A massive contamination recently caused the largest recall of consumer meat in Canadian history. The E.coli was first detected at the XL Foods Inc. plant in Alberta on Sept.4. But despite this massive recall, local producers have seen little to no impact on their products.
David Stezenko, co-owner of Quality Market, said when they heard about the recall they immediately got rid of any of the meat listed on the Canadian Food Inspection Agency’s website, but overall the recall had little impact.
“We do carry meat from the west, but we also carry some local meat,” Stezenko said. “We’ve had some customers asking. They asked if we had any of the products affected and we said no. The recall has had very little impact.”
The company carries certified grass-fed beef that comes from Emo and that product makes up about 20 per cent of the Quality Market’s beef sales.
Stezenko said they make sure their beef is safe by working closely with both the supplier and trade association so if there is any kind of issue they know right away.
“I know the national media are making a huge deal of this but on the ground here in Thunder Bay there’s not the same kind of thought that you’re seeing on TV,” he said.
Rob Walsh, a local farmer with Northern Unique Catering, said local meats are typically much safer than beef that is shipped in from abroad because farmers like himself raise the animals, feed them and then taken them to slaughter.
Many farmers like Walsh will even take their meats directly to the market where they expect to face consumer scrutiny and are asked questions about their product.
Walsh raises wild boar and has about 140 animals.

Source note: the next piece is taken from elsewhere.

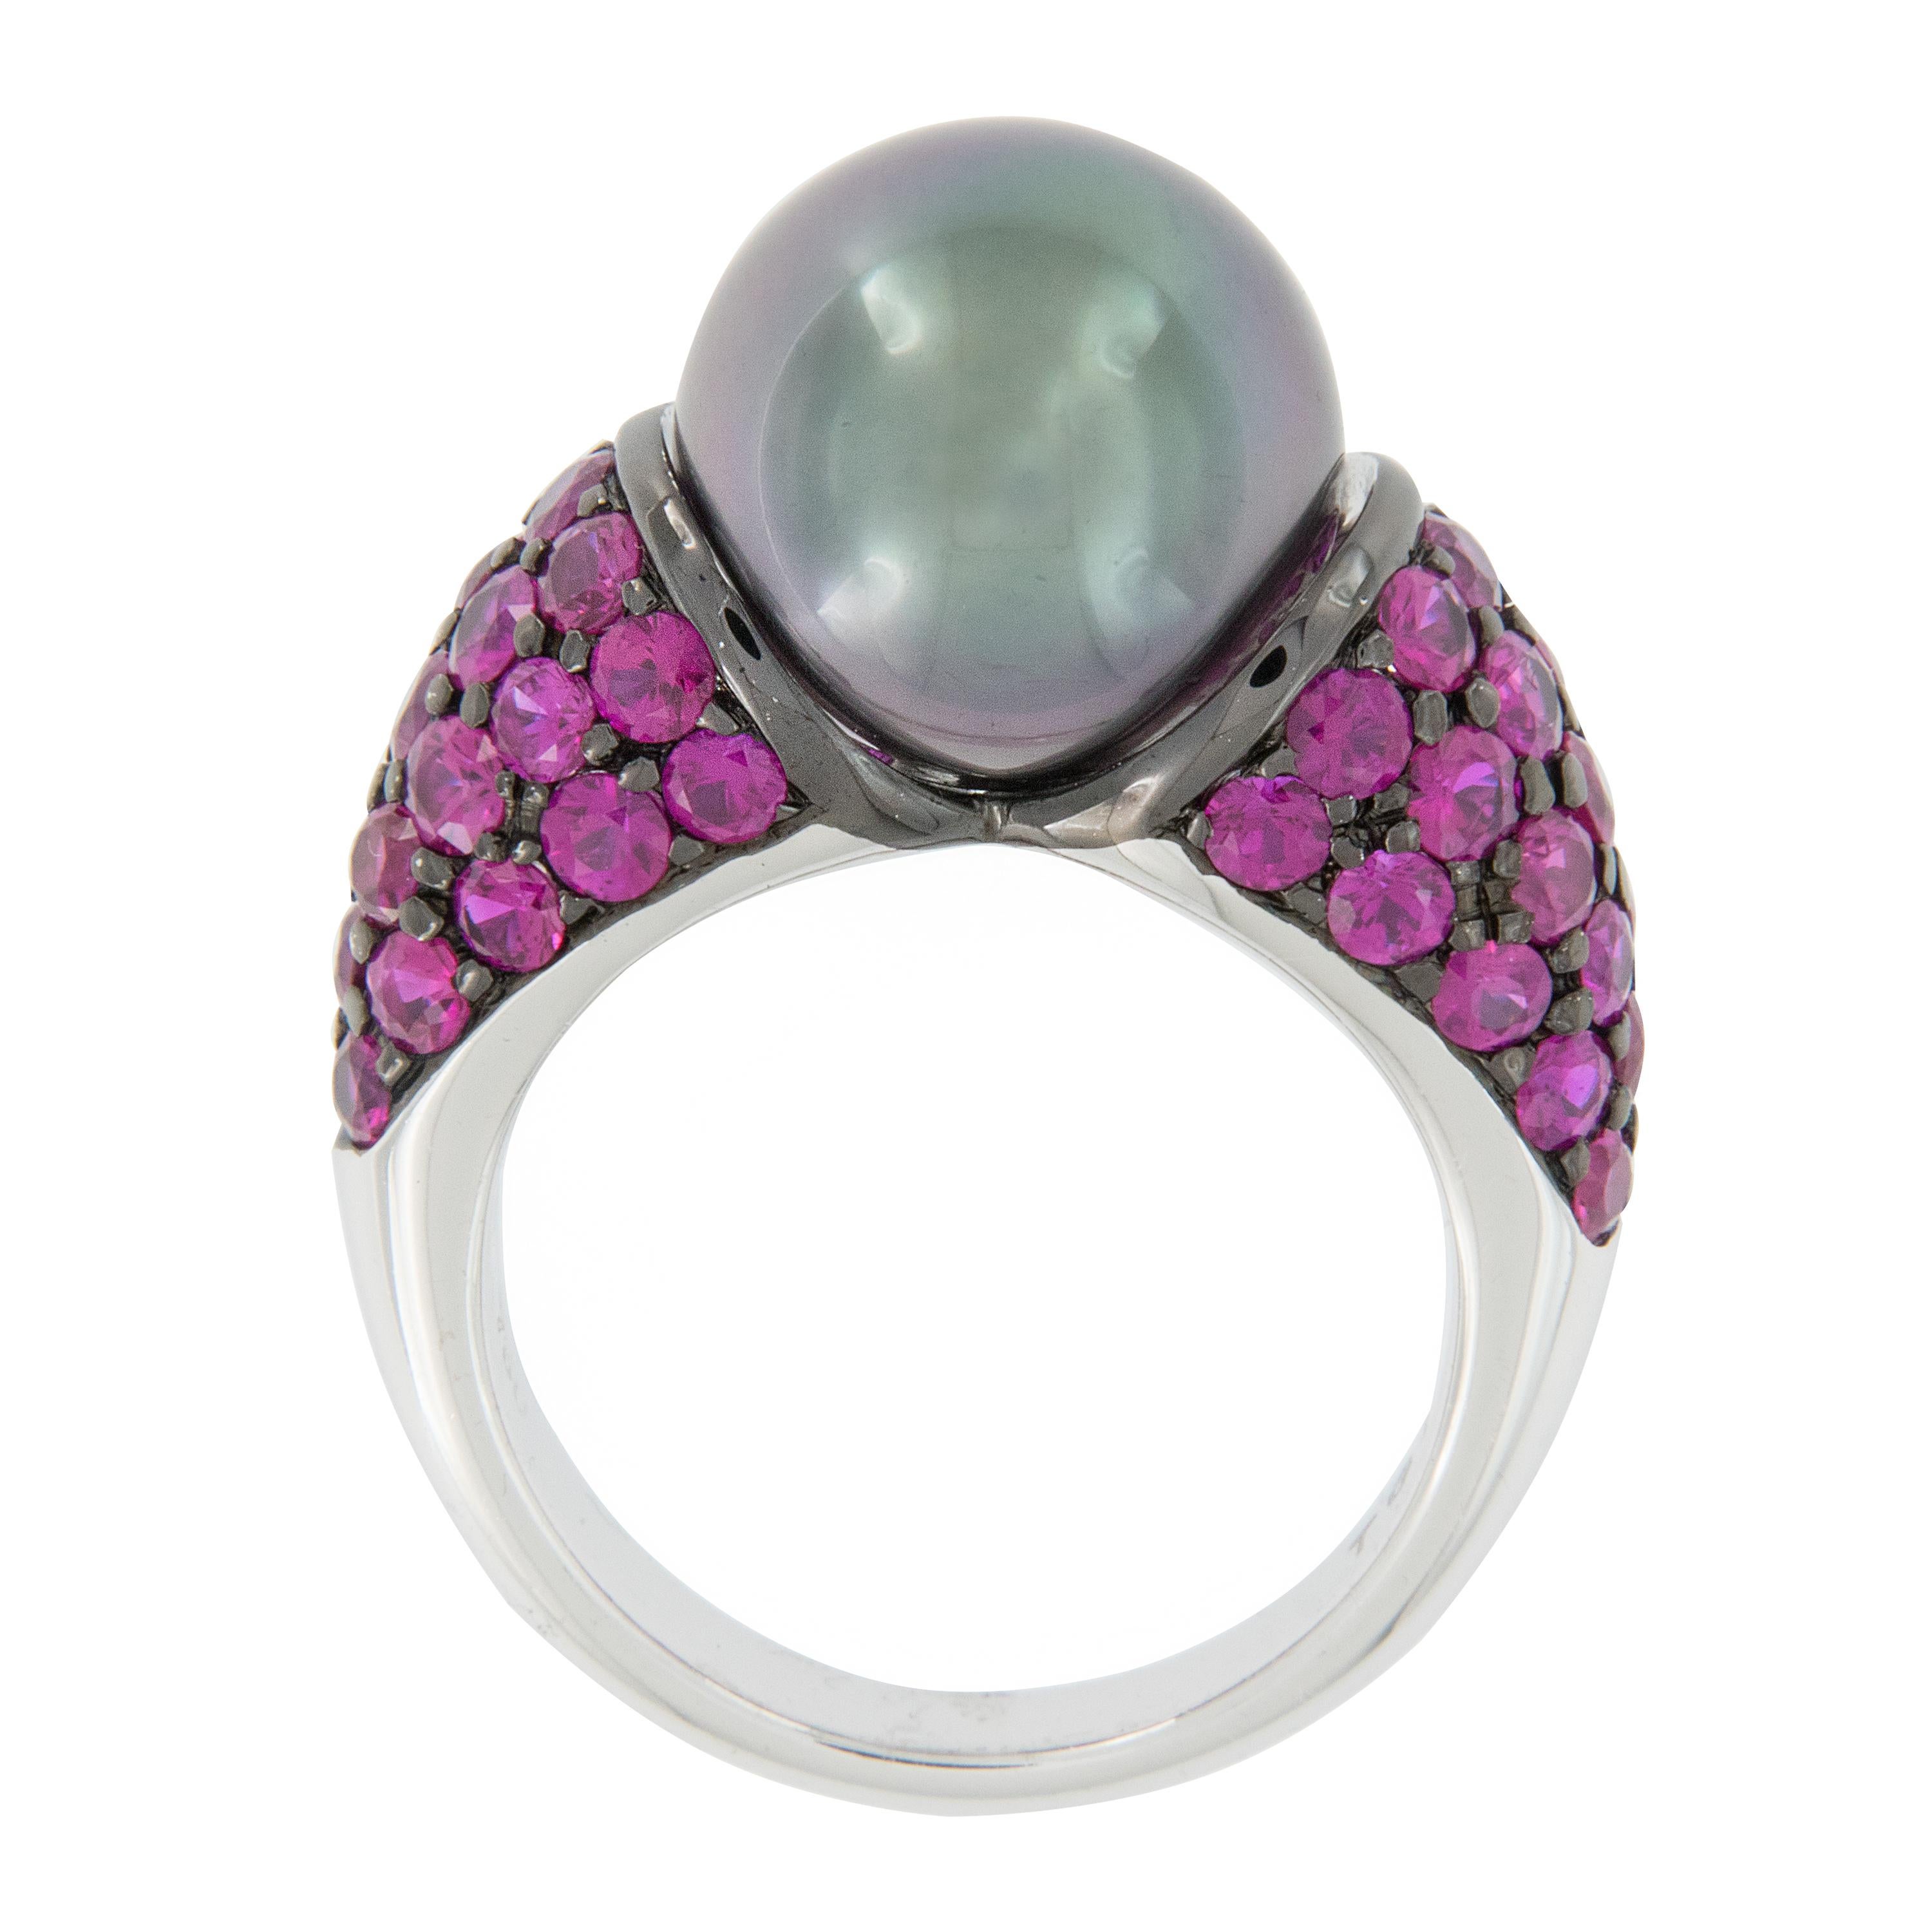 How HOT is this gorgeous ring crafted in 18 karat white gold? The spectacular grey Tahitian pearl with multi hued overtones is showcased by over 3 carats of HOT pink sapphires set in a Bombe' style. Ring is a size 6.5 but can be sized up or down 1

He said he anticipates an increase in business because of the massive recall and hopes people will use this as an educational experience on where they get their meat.
“This recall is a perfect example of globalizing food and if everything is going well then it’s OK, but as soon as something bad happens we’re in real big trouble,” he said. “People want to know where their food is coming from. How they are raised, what they’re fed.”
The trend to get meat closer to home isn't unique to northwestern Ontario. Walsh said he’s also selling to restaurants in southern Ontario.
Walsh said even if something were to go wrong it would never reach the same kind of level and affect as many people as the XL recall.